The object is achieved in accordance with the invention by the valve seat being crimped into a pipe in the case of a solenoid valve having a valve seat and a closing body which can be moved under the influence of a magnetic field. A refrigerant pipe of a refrigeration machine can be used directly as a pipe so that the number of connections to be connected in a hermetically tight manner during installation of the solenoid valve is reduced.

The valve seat is generally crimped into the pipe not far from a connector end, by means of which it was originally inserted into the pipe. The pipe can extend freely across the closing body until it reaches another component of the refrigeration machine, like for instance an evaporator. Since the pipe is in one piece in this direction and is thus free of weak points, which could be worn out due to a vibrating movement of the solenoid valve, a mounting on this pipe can be arranged at a considerable distance from the solenoid valve so that the entire length of the pipe between the mounting and the solenoid valve is available in order to damp vibrations caused by the movement of the closing body before they can transfer onto the body of a device, in which the solenoid valve is installed. A reduction in the operating noise emission can also be achieved in this way with the inventive solenoid valve.

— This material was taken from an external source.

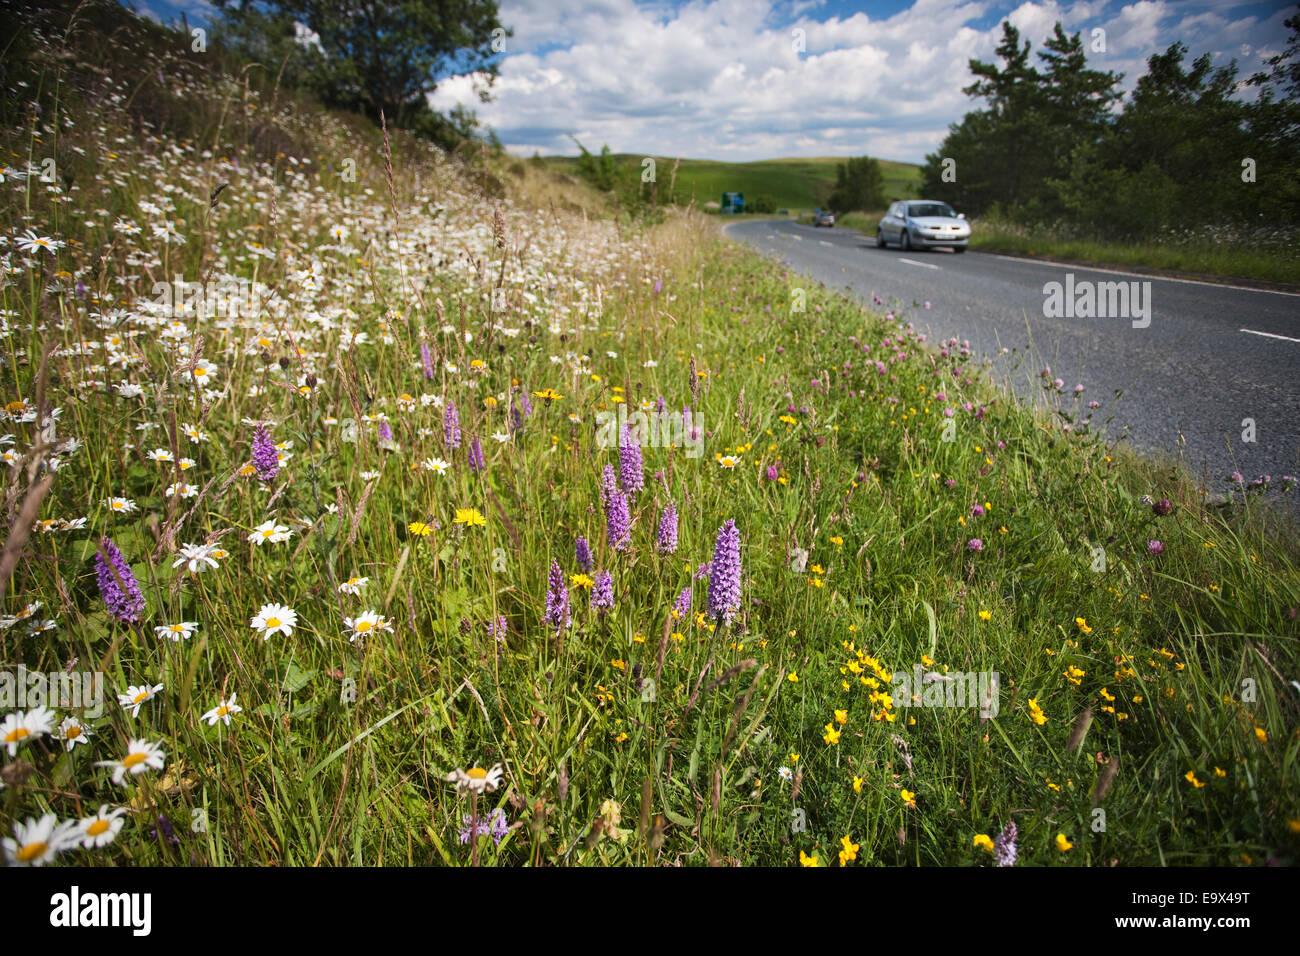 Wildflowers growing on roadside verge, Cumbria, UK - Stock Image

A permanent magnet, which defines a rest position of the closing body by means of magnetic attraction, is expediently accommodated in the pipe.

In particular, the valve seat can be arranged between the permanent magnet and the closing body, so that the rest position defined by the permanent magnet is a closing position of the valve, in which the closing body is fixedly held on the valve seat and seals the same.

In order to ensure quick and secure assembly of the solenoid valve, a main body is expediently provided, which is accommodated in the pipe and has a recess on a peripheral surface facing the pipe, into which recess part of the wall of the pipe can be pushed during assembly of the solenoid valve.

In order to facilitate this pushing of the pipe into the recess, it is expedient if the recess extends around the main body.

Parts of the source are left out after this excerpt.